If you can hold your peace when Story Makers

Invent a scoop and throw it at your spouse;

When "It's Alleged" and "Spokesmen Say" are fakers

You can just smile, and not burn down their house;

If you can steal a page from your own Kipling:

On being lied about, don't deal in lies;

On being hated don't give way to tippling,

Of you they'll never out of get a rise.

If you live camouflaged as dumb supporter,

Can wade right through the waste land, not get mired,

One ear tuned in to news that Ace Reporter

Just interviewed a man your mate has fired;

If you can gaily chaff your man, and grandly

Let stones, unrolled, unthrown, develop moss

When Second-Hand Observer just offhand'ly

Attributes your man's genius to his boss;

If you can stand the heat outside the kitchen

And not creep in there where you know it's cool,

Can praise the press for virtues it is rich in,

While mumbling the Lord's Prayer and Golden Rule,

The sisterhood of Woe Check holds its hands out.

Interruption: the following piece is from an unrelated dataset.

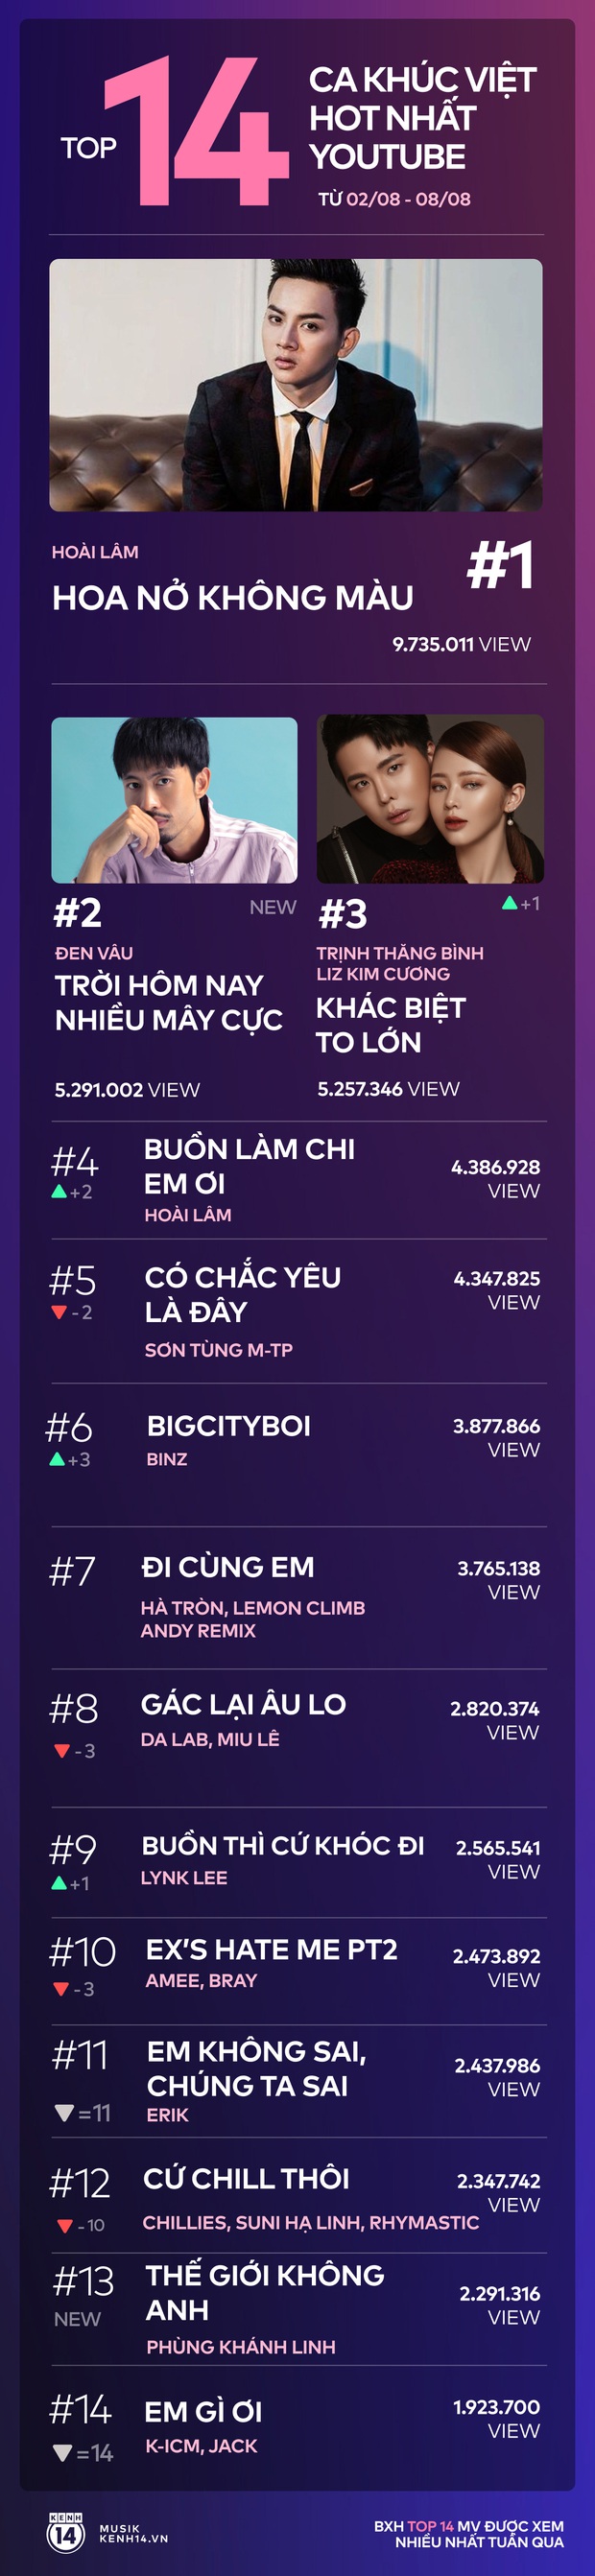 Sơn Tùng bật khỏi top 4, Đen Vâu vào thẳng top 2 sau 3 ngày; Hoài Lâm quyết không rời #1 những ca khúc Việt hot nhất YouTube tuần qua! - Ảnh 14.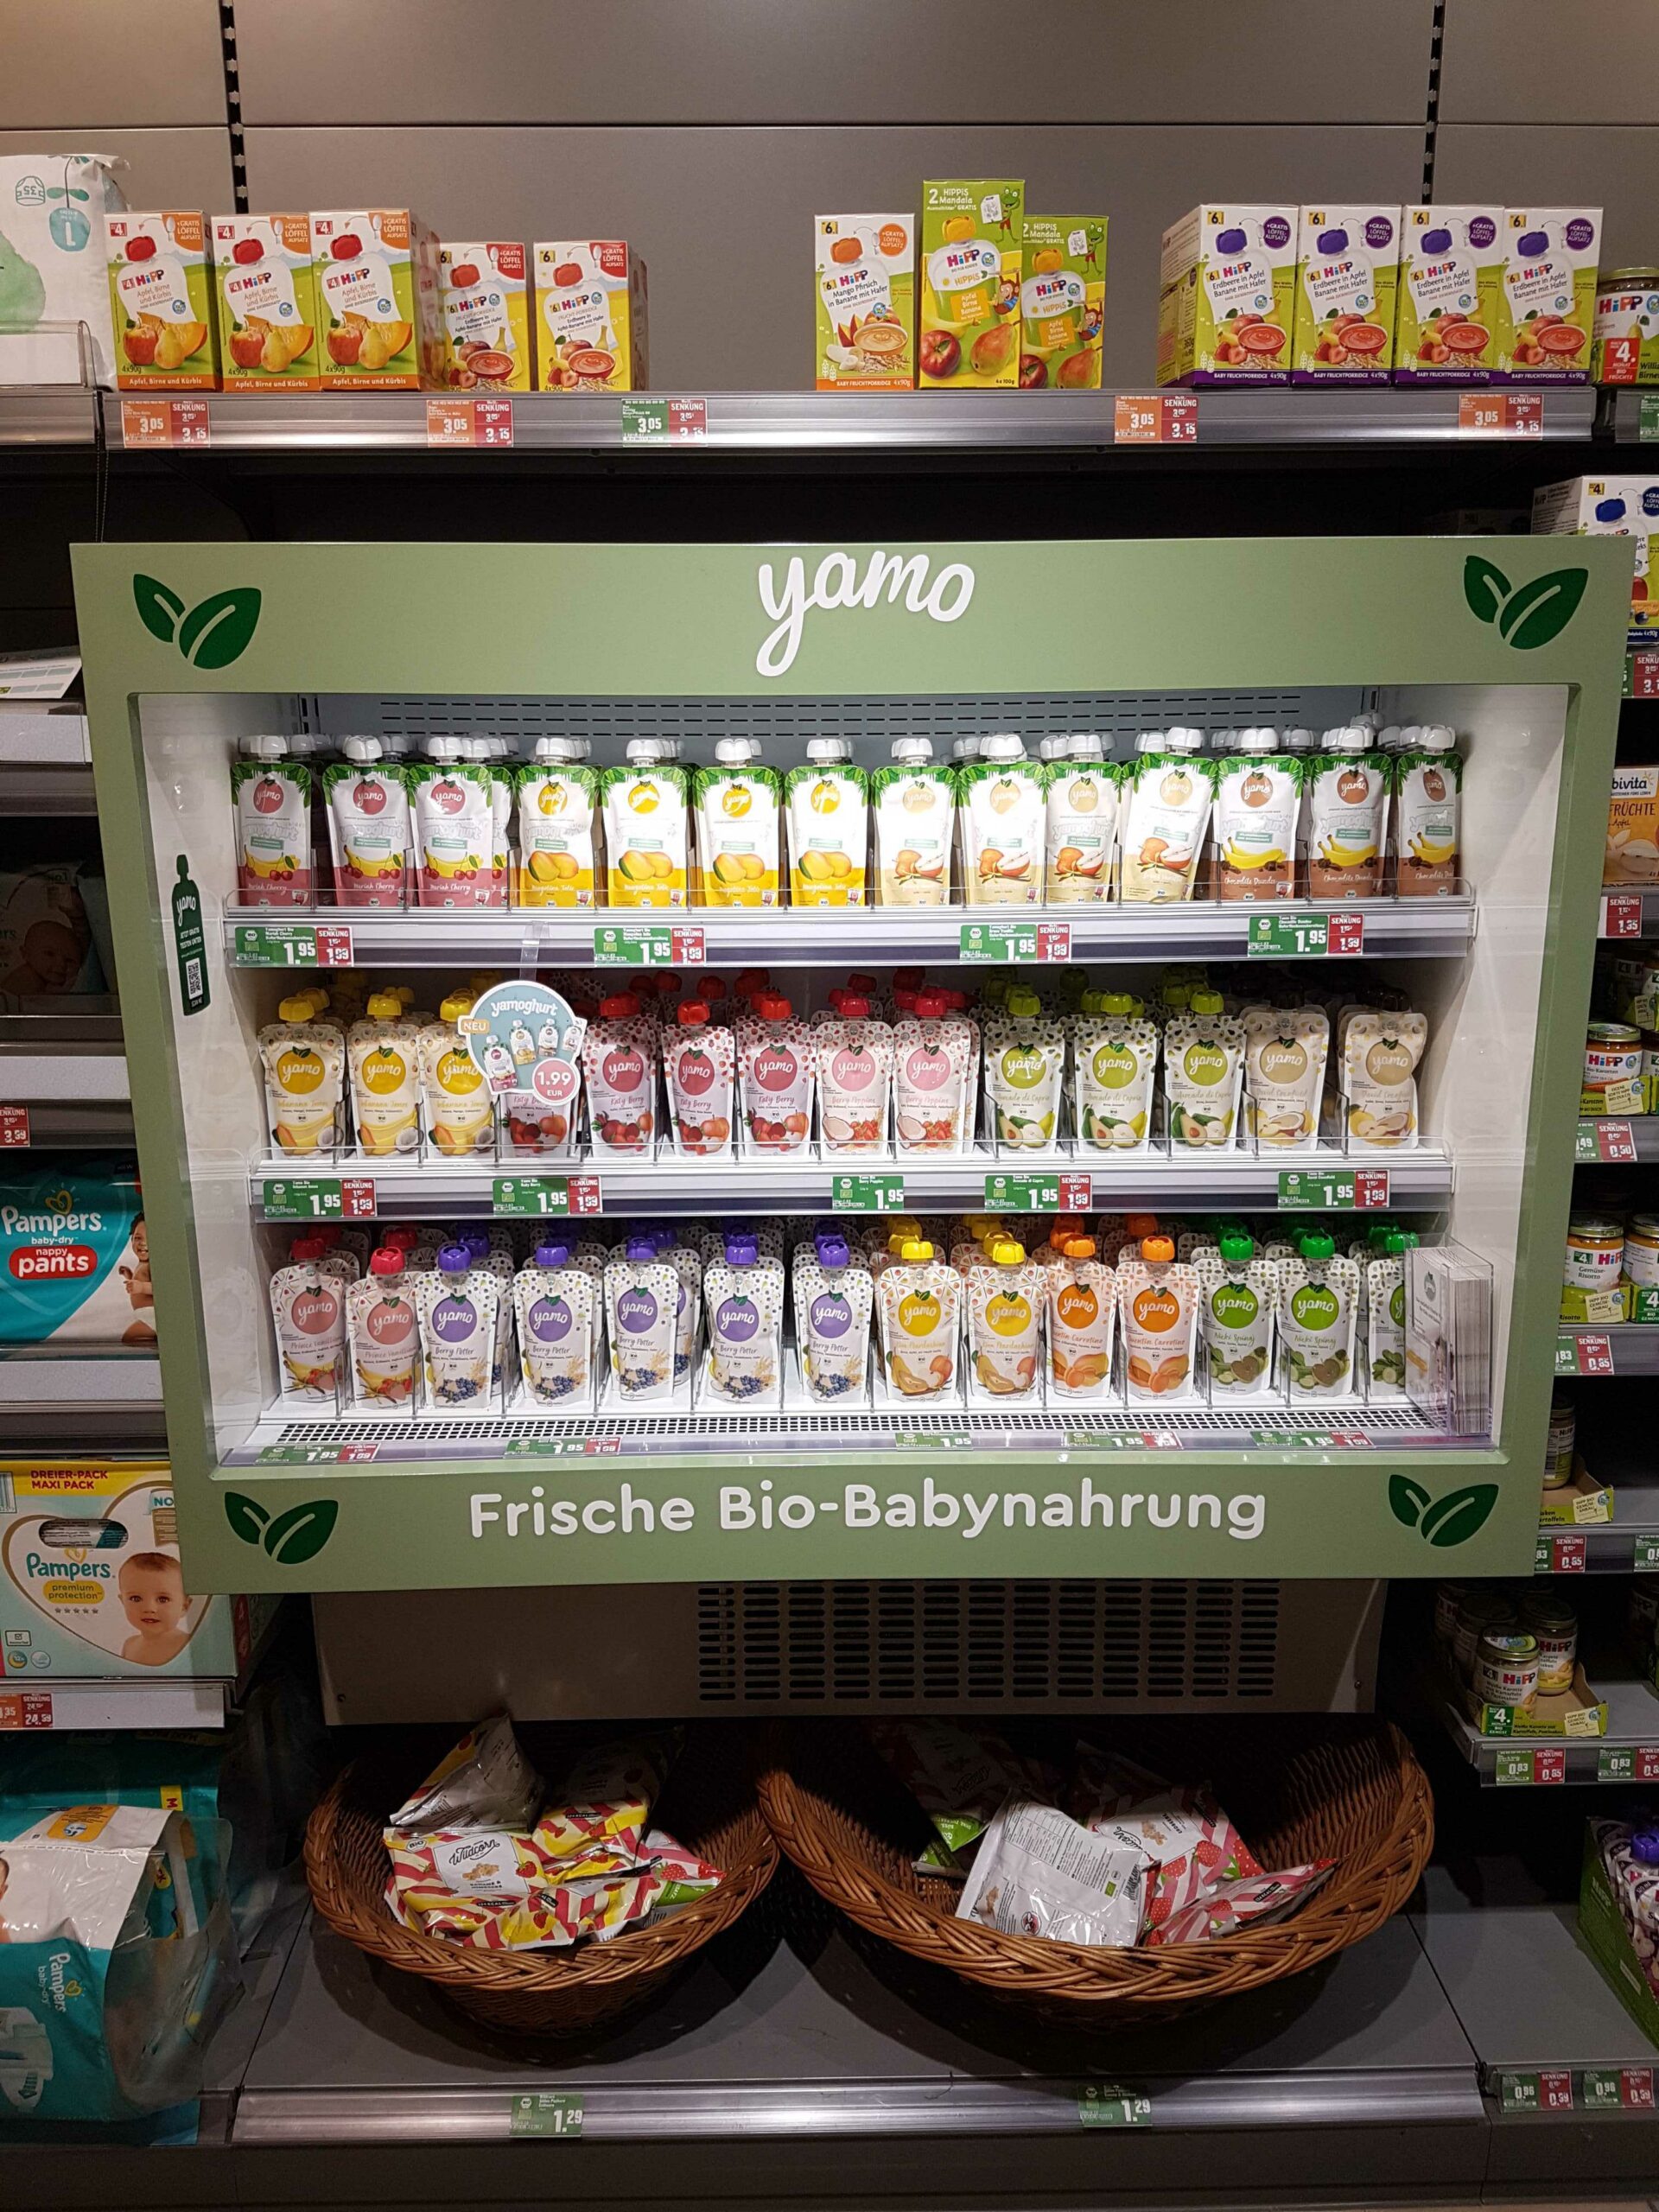 Yamo-Produkte in einer Auslage in einem Supermarkt

Come, watch the saving remnant as it frays,

Then ravels up the tatters as it fans out

To take revenge in only wifely ways.

By the time these revelations appear, I myself will be long gone from Woe Check, since deep secrecy is its rule. When you read this I will have turned in my stiff upper lip with the merit buttons I have earned throughout the years. I will be lonely out there, and frightened, as (unsupported and unrestrained) I take the occasional unsuspecting journalist by the lapels for a good shaking. In a way, though, it will be a relief. Woe Check studies are beginning to indicate that there may indeed be a limit to every mere wife.